IA103 Introduction to Strategic Intelligence Analysis

This course introduces analysts to the broader concepts of connecting the dots through link analysis. A critical portion of conducting a successful analytical investigation is the ability to link together and understand the complexities of the connectedness between people and organizations. Introduction to Link Analysis (ILA) expands on the basic principles of link and association analyses explored in the Foundations of Intelligence Analysis Training (FIAT) while building a framework for more advanced methods such as social network analysis.

Expanding basic knowledge of link and association analysis
Explaining the process of social network analysis
Understanding the visual mapping and mathematical components associated with link and social network analyses

DF330 Advanced Digital Forensic Analysis: iOS & Android

This course provides the advanced skills and knowledge necessary to analyze data on iOS devices (iPod Touch, iPhone, and iPad) and Android devices at an advanced level. Students use forensically-sound tools and techniques to analyze potential evidence, employing advanced techniques to uncover evidence potentially missed or misrepresented by commercial forensic tools. Topics include identifying potential threats to data stored on devices, available acquisition options, accessing locked devices, and the default folder structure. Core skills include analyzing artifacts such as device information, call history, voicemail, messages, web browser history, contacts, and photos. Instruction is provided on developing the hunt methodology for analyzing third party applications not supported by commercial forensic tools.

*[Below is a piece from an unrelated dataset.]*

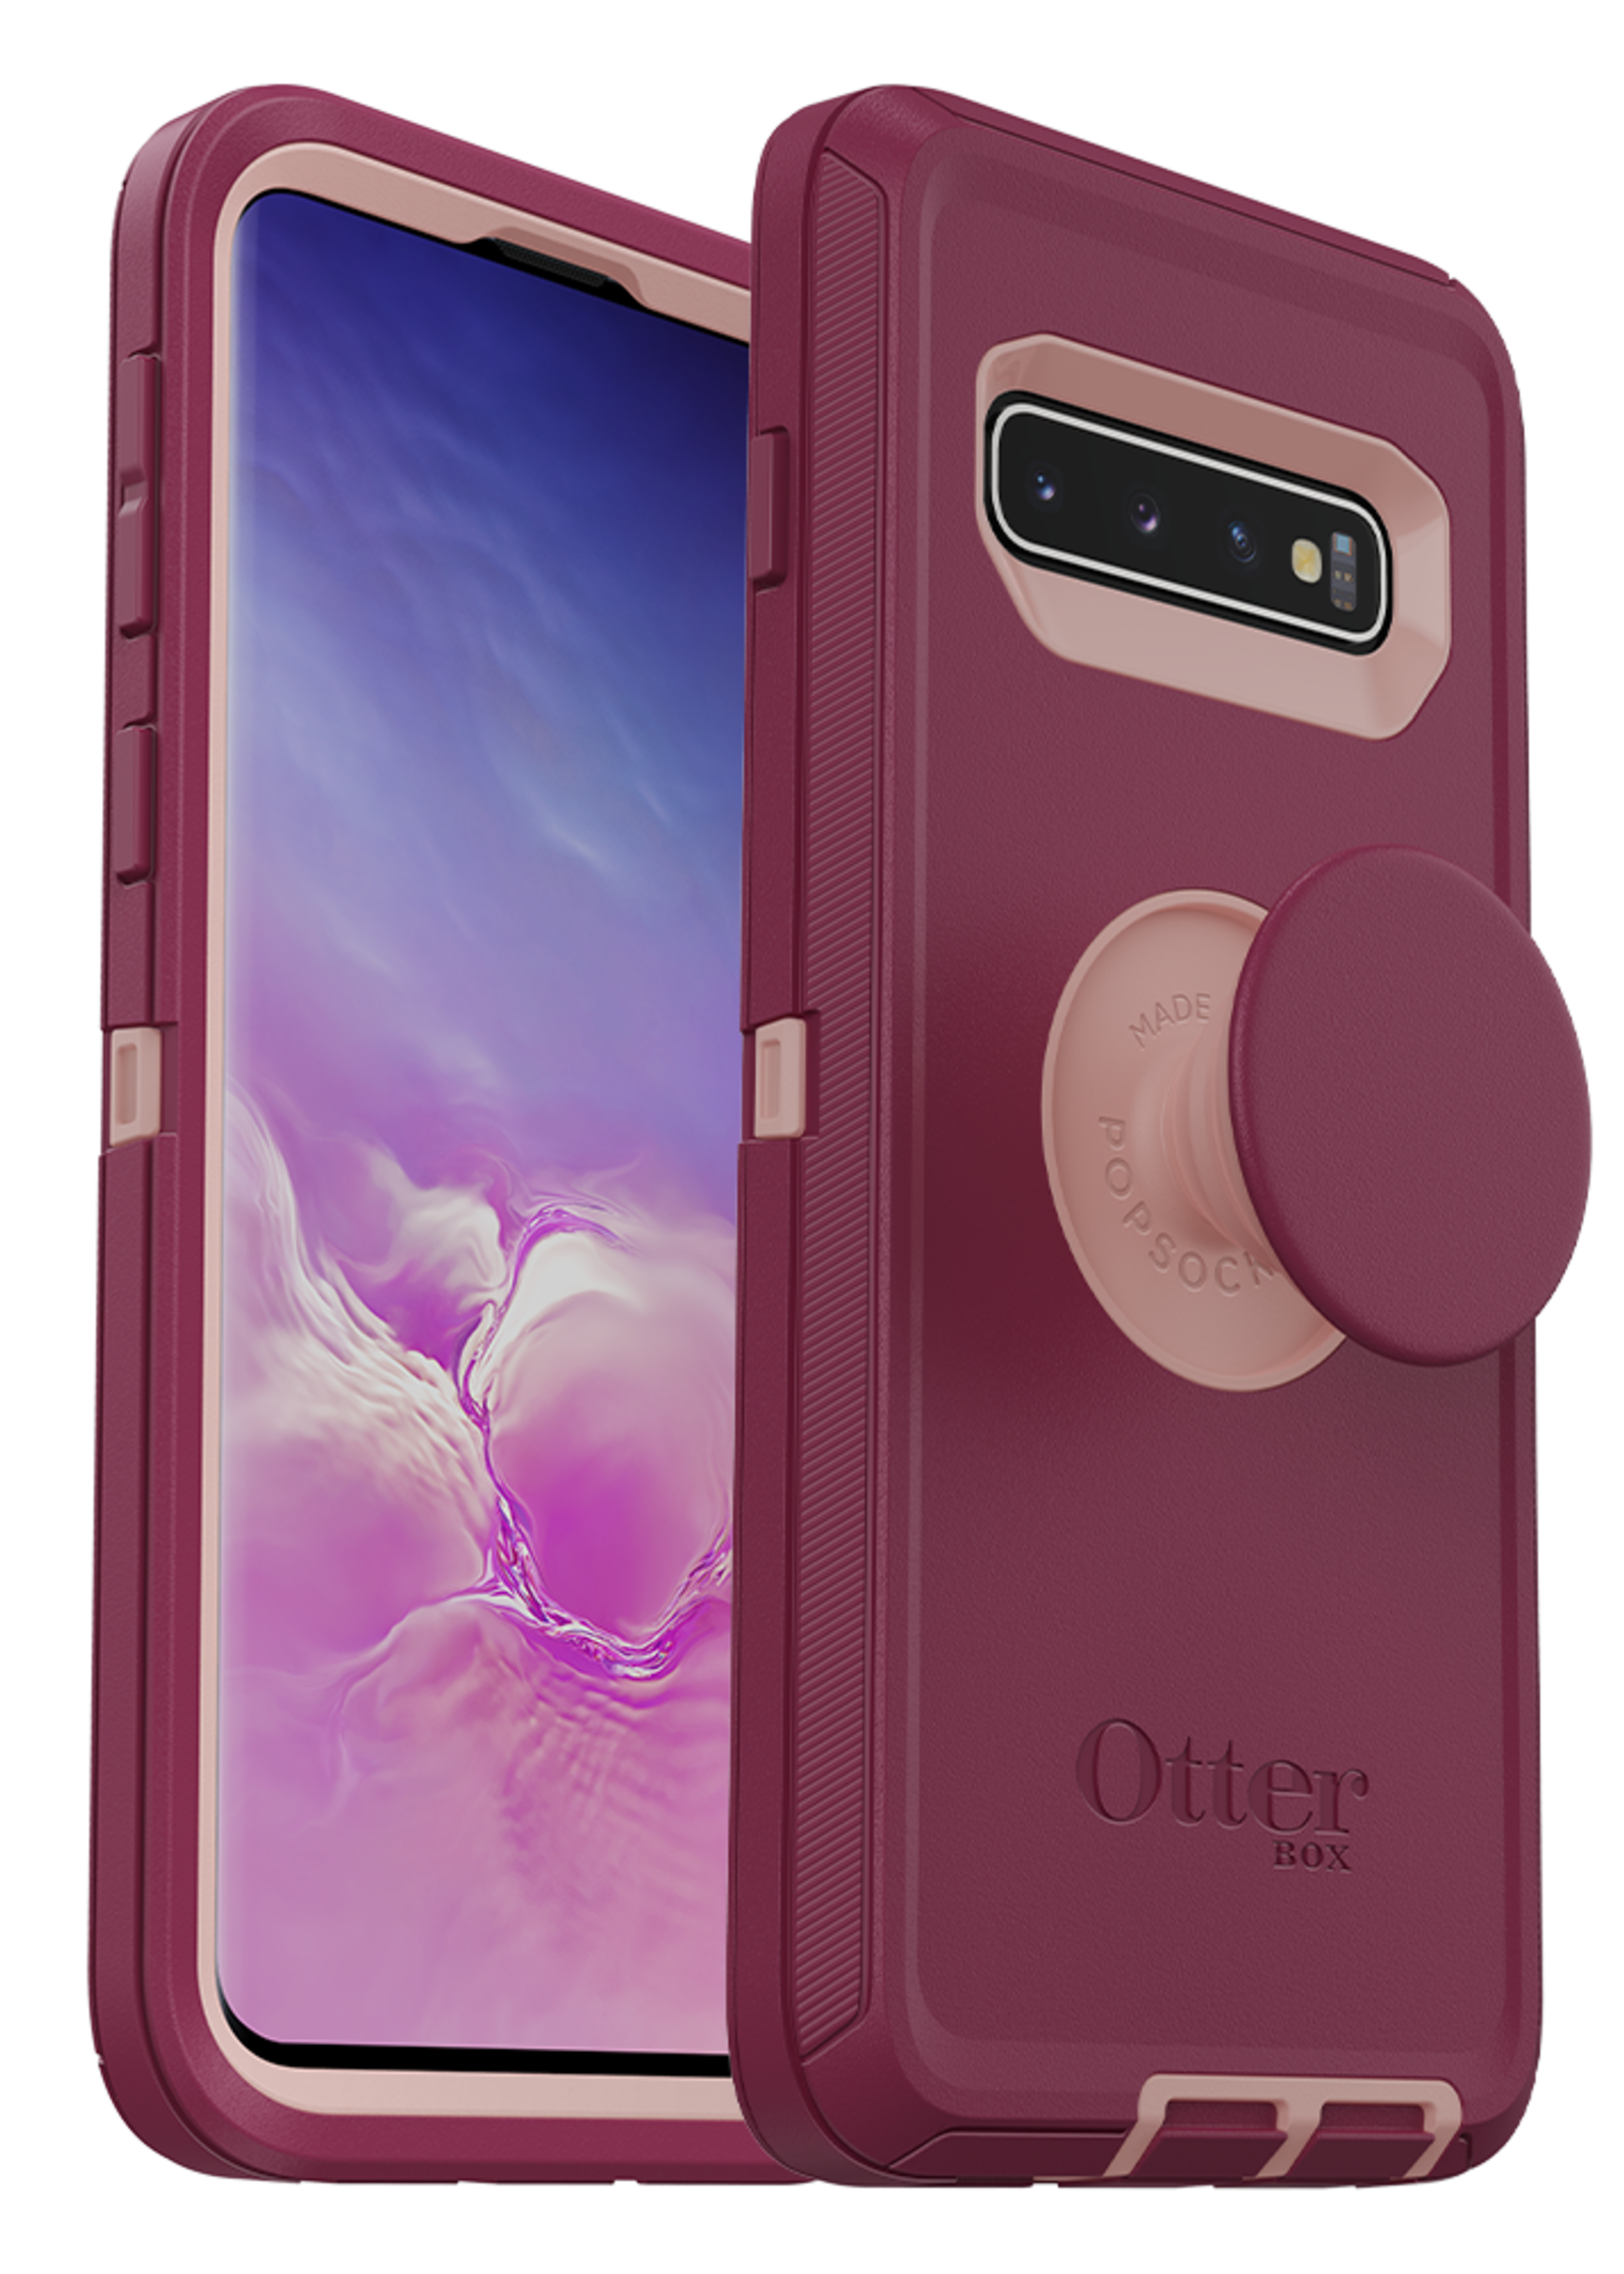 Otterbox OtterBox - Otter + Pop Defender Case with PopGrip for Samsung Galaxy S10 - Fall Blossom

Mobile device hardware fundamentals. How mobile devices work, store data, and interact with a variety of networks.
Device handling. Properly preserving data for imaging and analysis. Identifying potential threats to data integrity.
Device acquisition and security. Acquisition options (physical, logical, device backups). Bypassing passcodes and properly defeating encrypted backups of iOS devices.
Advanced analysis techniques. Mounting images, partitioning scheme and default folder structure, types of artifacts (plists, SQLite databases, etc.).

DF310 Advanced Digital Forensic Analysis: Windows

This course covers the identification and extraction of artifacts associated with the Microsoft Windows operating system. Topics include the Change Journal, BitLocker, and a detailed examination of the various artifacts found in each of the Registry hive files. Students also examine Event Logs, Volume Shadow Copies, link files, and thumbnails. This course uses a mixture of lecture, discussion, demonstration, and hands-on exercises.

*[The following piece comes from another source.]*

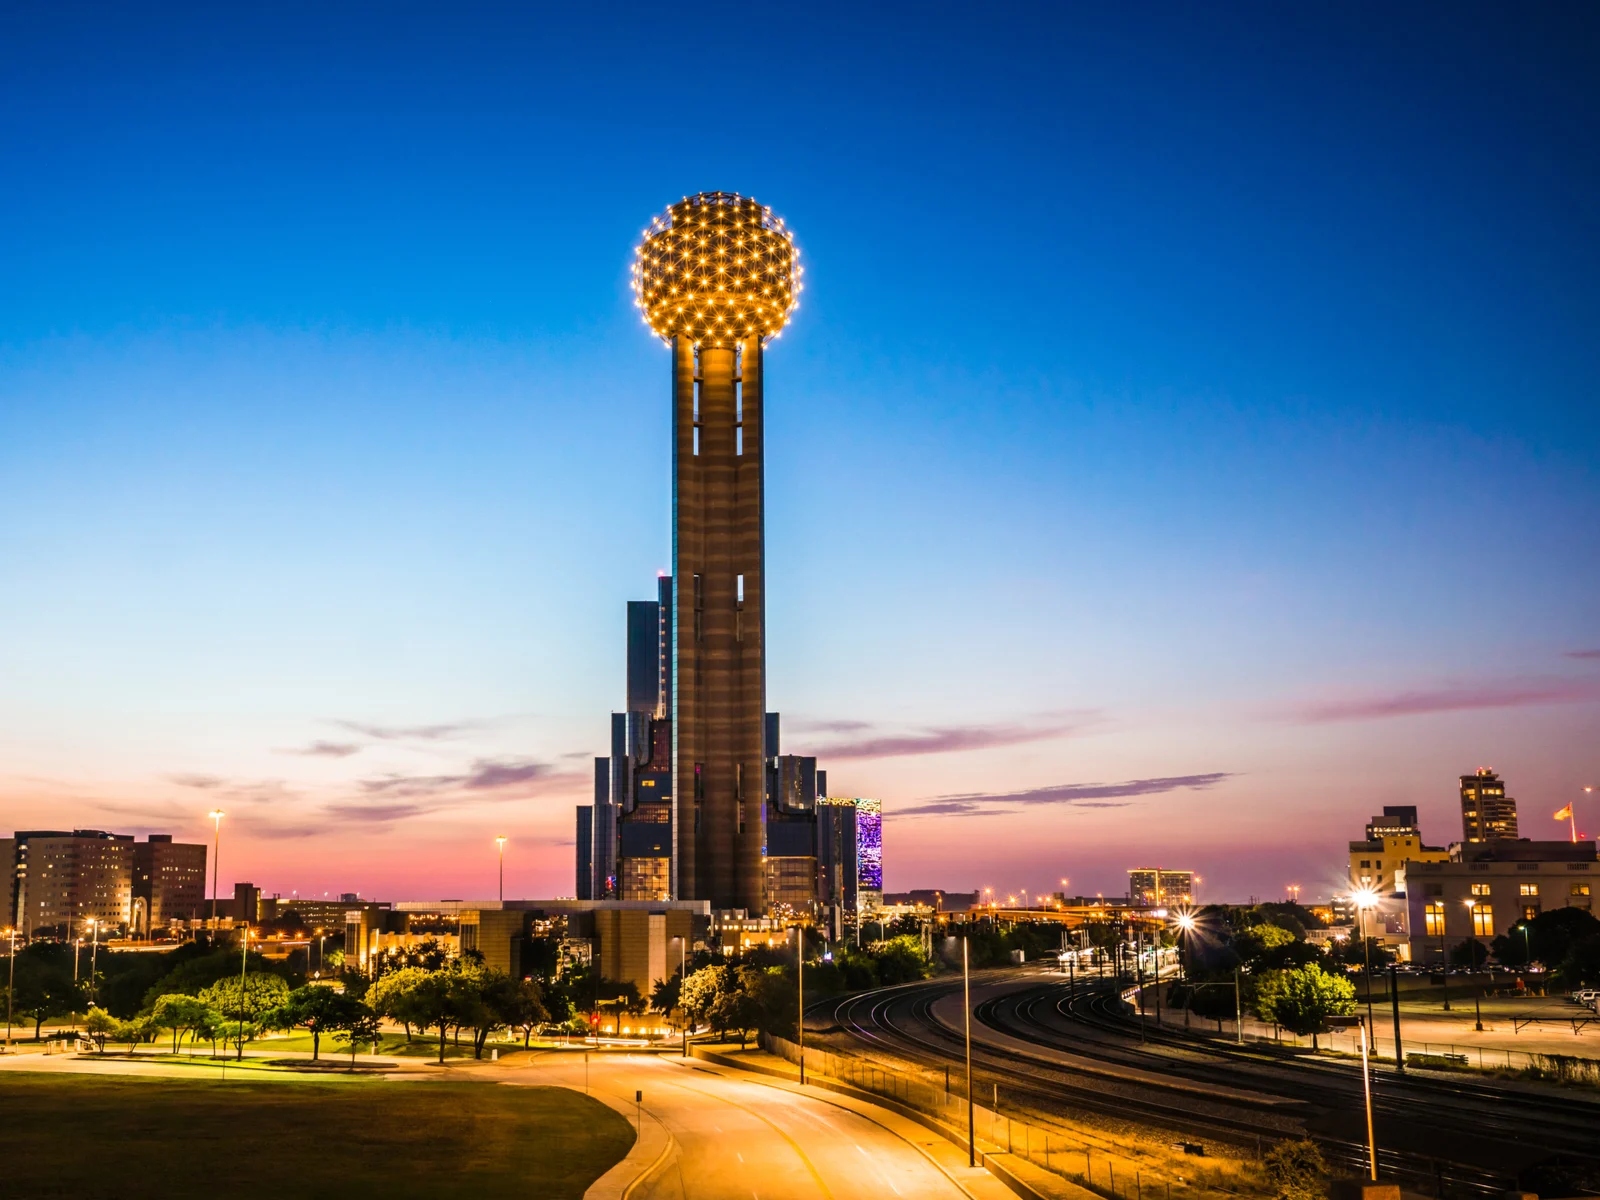 One of the best things to do in Dallas, Reunion Tower, pictured at nightfall

IA105 Intelligence Writing and Briefing

This course covers basic intelligence writing and briefing principles as well as methods for effective and clear intelligence sharing. Topics covered include creative and critical thinking, critical reading skills, source evaluation, privacy and civil rights, intelligence writing style and structure, and generating and presenting intelligence briefings. With guidance from experienced experts, students gain hands-on experience by working through data sets based on real cases to produce intelligence products. Instructors and peers provide feedback on briefings and reports produced and presented in class.

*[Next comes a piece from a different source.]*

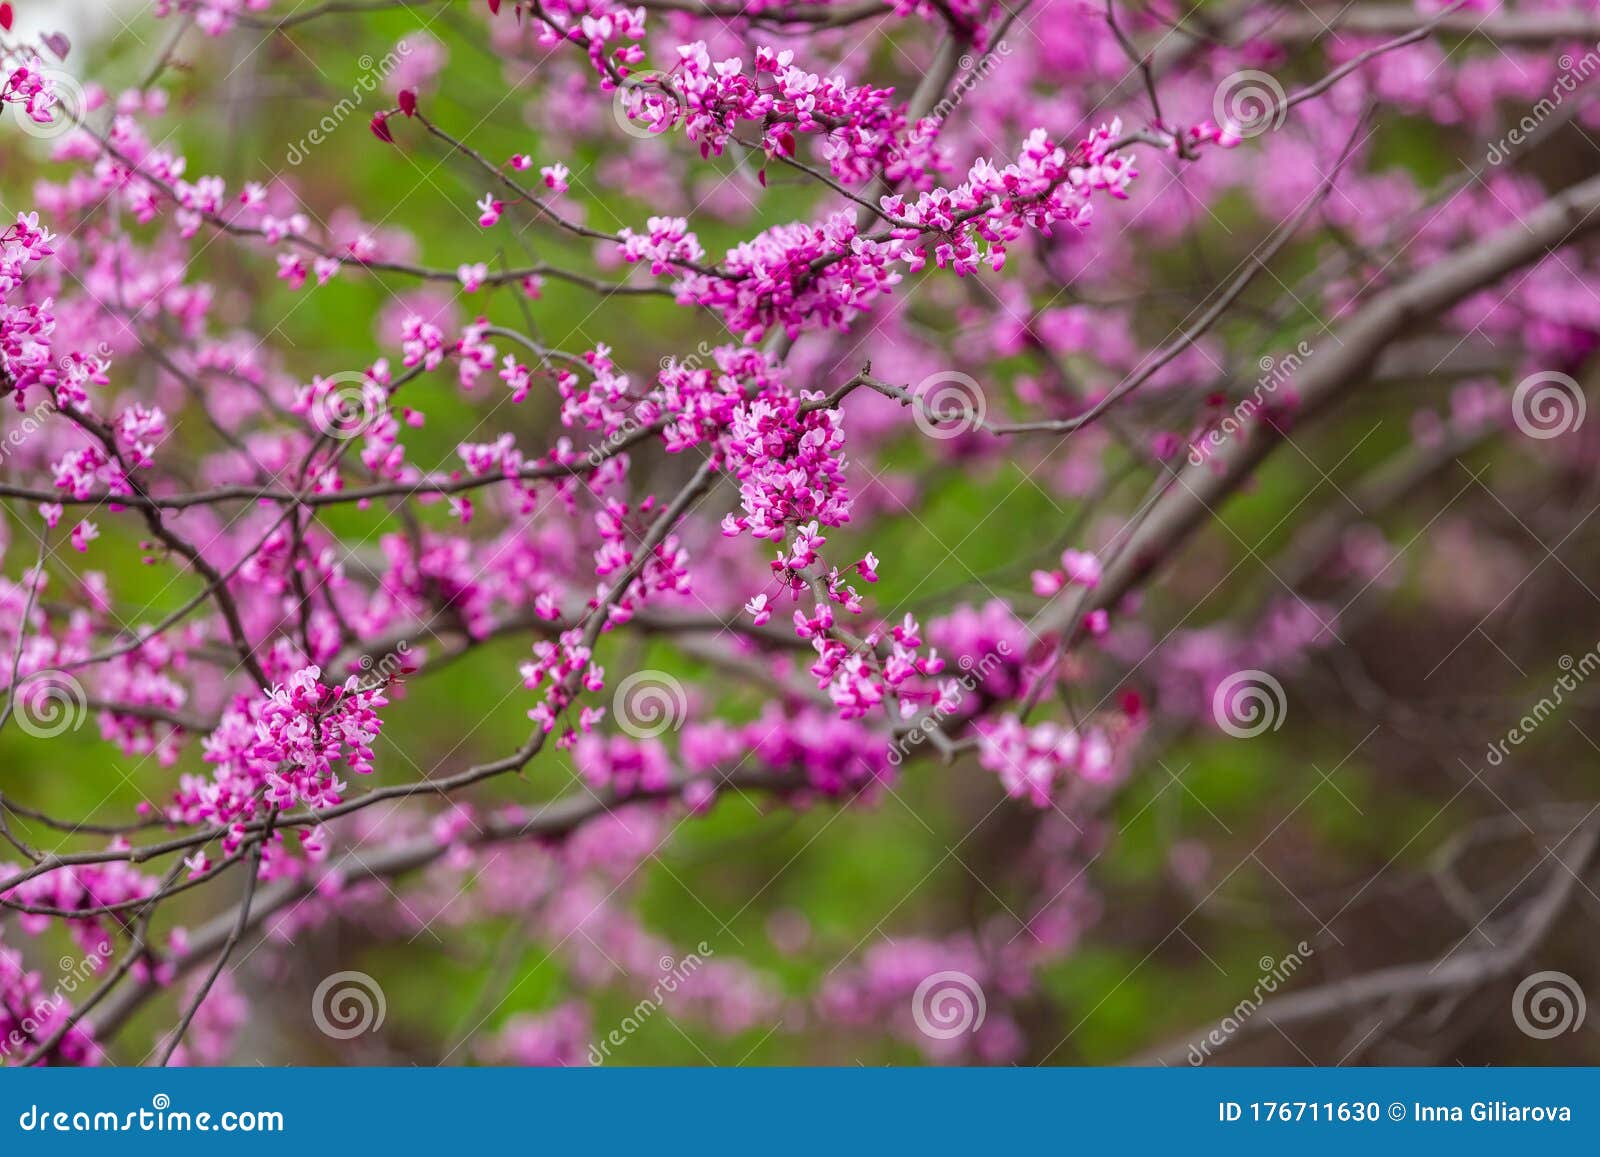 purple flowers of cercis canadensis

*Foundational skills. Creative thinking. Critical thinking. Critical reading.
*Information sources. Identify sources of intelligence information. Evaluate sources for validity and reliability.
*Analytical reports. Develop a structured and actionable analytical report based on a data set given in class.
*Privacy considerations. Ensure protection of privacy and civil rights while producing intelligence products.
*Briefings. Construct and deliver an intelligence briefing based on a data set given in class.